▸ **Extracted records**
---*---
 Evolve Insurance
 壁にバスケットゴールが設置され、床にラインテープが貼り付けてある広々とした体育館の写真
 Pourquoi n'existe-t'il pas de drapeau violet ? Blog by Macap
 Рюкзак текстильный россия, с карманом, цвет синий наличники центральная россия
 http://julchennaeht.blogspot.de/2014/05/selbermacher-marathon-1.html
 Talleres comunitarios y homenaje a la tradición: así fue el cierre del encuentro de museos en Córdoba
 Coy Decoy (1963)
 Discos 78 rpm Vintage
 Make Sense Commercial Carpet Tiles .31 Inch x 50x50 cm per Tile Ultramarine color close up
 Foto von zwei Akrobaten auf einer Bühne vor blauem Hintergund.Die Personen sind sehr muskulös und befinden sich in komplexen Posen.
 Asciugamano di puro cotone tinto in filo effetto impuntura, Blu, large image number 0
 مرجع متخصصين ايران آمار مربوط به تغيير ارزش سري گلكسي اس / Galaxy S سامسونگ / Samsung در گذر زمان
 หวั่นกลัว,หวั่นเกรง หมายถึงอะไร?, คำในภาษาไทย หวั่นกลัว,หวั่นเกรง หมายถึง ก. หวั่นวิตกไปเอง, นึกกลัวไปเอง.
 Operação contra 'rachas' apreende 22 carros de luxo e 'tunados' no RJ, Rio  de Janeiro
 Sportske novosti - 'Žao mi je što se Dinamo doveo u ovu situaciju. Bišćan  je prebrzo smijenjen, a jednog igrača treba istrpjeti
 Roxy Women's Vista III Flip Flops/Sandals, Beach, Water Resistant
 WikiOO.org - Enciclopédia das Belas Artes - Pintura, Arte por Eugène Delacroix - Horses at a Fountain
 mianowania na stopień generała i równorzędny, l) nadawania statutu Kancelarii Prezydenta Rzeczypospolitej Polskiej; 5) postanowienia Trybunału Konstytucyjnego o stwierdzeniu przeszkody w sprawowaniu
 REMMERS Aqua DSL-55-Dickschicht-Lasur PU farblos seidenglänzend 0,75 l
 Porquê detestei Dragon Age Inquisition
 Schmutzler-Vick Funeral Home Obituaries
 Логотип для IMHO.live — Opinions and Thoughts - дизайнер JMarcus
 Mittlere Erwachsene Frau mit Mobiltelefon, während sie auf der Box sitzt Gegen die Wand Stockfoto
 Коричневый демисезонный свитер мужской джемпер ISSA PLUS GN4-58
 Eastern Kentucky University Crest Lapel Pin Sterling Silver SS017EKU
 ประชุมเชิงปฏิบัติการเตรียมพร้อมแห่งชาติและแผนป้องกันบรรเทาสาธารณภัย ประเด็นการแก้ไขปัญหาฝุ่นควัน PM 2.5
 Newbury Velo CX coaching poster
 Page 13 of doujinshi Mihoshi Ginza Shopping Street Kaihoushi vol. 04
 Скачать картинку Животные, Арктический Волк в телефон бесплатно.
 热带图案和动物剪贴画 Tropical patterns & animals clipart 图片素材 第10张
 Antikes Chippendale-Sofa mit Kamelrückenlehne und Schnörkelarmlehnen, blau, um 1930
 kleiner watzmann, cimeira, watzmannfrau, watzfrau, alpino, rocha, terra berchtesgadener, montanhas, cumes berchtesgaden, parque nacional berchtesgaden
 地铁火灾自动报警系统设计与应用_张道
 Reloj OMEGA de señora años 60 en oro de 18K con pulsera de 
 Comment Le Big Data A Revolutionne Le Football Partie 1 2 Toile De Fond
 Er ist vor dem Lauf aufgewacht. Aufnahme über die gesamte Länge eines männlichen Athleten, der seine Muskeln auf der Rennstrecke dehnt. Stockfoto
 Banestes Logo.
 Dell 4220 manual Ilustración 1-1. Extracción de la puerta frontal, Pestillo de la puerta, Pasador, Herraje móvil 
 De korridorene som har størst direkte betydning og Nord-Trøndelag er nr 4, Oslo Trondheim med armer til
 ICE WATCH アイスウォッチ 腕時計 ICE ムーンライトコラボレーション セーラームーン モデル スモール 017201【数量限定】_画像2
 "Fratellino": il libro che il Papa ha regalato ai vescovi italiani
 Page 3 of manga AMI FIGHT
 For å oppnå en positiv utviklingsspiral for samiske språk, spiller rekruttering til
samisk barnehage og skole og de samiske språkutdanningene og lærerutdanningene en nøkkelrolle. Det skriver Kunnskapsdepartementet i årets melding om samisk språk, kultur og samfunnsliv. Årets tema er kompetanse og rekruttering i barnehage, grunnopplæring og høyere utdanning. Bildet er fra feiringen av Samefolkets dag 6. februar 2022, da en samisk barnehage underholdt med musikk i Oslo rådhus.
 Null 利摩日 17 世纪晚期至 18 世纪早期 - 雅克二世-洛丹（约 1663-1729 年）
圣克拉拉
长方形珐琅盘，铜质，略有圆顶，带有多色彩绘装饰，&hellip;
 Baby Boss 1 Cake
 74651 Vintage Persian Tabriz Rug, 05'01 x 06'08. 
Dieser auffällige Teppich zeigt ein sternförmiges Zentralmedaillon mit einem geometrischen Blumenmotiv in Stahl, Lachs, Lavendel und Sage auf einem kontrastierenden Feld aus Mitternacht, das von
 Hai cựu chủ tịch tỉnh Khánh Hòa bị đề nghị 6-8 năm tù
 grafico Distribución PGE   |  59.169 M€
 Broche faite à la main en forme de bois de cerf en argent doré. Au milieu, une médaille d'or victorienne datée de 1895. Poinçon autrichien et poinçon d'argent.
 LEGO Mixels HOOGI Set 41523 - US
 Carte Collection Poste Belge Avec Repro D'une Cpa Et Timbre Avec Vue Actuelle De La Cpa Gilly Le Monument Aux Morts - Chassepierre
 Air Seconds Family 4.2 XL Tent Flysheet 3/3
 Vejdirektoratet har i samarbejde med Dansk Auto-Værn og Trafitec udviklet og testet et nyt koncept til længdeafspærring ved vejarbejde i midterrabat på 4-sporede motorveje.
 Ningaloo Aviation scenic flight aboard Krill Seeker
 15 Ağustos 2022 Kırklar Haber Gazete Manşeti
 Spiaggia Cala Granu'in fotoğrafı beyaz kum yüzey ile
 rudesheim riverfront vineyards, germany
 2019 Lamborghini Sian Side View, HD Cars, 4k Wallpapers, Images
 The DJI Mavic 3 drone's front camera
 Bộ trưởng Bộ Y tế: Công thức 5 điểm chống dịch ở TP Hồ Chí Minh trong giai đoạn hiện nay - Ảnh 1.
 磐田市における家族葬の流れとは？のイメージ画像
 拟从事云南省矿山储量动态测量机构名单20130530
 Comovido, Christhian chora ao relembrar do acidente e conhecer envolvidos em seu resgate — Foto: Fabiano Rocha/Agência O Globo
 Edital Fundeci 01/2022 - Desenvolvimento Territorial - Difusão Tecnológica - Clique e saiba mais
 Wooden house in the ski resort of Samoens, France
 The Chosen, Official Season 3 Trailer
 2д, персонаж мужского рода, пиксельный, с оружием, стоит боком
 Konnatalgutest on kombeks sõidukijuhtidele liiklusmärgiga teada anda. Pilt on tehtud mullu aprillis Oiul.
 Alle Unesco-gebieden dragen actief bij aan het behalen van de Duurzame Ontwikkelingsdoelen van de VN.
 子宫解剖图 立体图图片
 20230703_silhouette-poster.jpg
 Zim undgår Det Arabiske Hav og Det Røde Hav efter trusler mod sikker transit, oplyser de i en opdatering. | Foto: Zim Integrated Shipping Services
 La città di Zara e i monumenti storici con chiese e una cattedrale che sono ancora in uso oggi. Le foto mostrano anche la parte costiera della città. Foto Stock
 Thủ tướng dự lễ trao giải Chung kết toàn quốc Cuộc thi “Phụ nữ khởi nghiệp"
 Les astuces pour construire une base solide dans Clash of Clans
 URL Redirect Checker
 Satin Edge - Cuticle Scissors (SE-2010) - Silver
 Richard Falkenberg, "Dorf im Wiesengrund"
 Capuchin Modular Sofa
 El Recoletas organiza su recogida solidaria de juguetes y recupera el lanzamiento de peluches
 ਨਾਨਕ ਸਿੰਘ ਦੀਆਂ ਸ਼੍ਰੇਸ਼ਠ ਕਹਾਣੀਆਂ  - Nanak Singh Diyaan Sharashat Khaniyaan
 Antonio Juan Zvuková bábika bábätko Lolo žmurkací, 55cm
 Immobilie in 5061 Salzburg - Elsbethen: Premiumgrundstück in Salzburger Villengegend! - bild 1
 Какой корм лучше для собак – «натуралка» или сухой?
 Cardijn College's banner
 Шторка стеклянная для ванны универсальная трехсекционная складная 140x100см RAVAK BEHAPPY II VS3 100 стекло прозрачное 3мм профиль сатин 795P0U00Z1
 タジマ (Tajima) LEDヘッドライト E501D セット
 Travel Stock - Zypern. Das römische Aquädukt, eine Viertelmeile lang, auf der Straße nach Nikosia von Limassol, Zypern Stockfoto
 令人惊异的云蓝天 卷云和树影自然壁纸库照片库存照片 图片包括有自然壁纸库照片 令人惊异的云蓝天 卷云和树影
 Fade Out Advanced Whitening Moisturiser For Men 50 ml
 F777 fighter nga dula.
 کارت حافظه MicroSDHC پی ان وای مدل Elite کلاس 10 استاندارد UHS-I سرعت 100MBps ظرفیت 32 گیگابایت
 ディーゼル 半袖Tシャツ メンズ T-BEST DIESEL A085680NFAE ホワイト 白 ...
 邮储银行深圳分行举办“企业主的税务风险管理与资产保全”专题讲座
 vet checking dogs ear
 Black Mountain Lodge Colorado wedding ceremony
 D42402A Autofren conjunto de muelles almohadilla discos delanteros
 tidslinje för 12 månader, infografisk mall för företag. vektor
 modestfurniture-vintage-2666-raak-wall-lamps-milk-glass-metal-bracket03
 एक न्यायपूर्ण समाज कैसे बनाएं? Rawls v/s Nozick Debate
---*---
▸ **Assignment**
Which lines above run from the one containing "Hai cựu chủ" to the one containing "LEGO Mixels HOOGI Set 41523 - US"? Give them again exactly, both ends included.

▸ **Exercise solution**
 Hai cựu chủ tịch tỉnh Khánh Hòa bị đề nghị 6-8 năm tù
 grafico Distribución PGE   |  59.169 M€
 Broche faite à la main en forme de bois de cerf en argent doré. Au milieu, une médaille d'or victorienne datée de 1895. Poinçon autrichien et poinçon d'argent.
 LEGO Mixels HOOGI Set 41523 - US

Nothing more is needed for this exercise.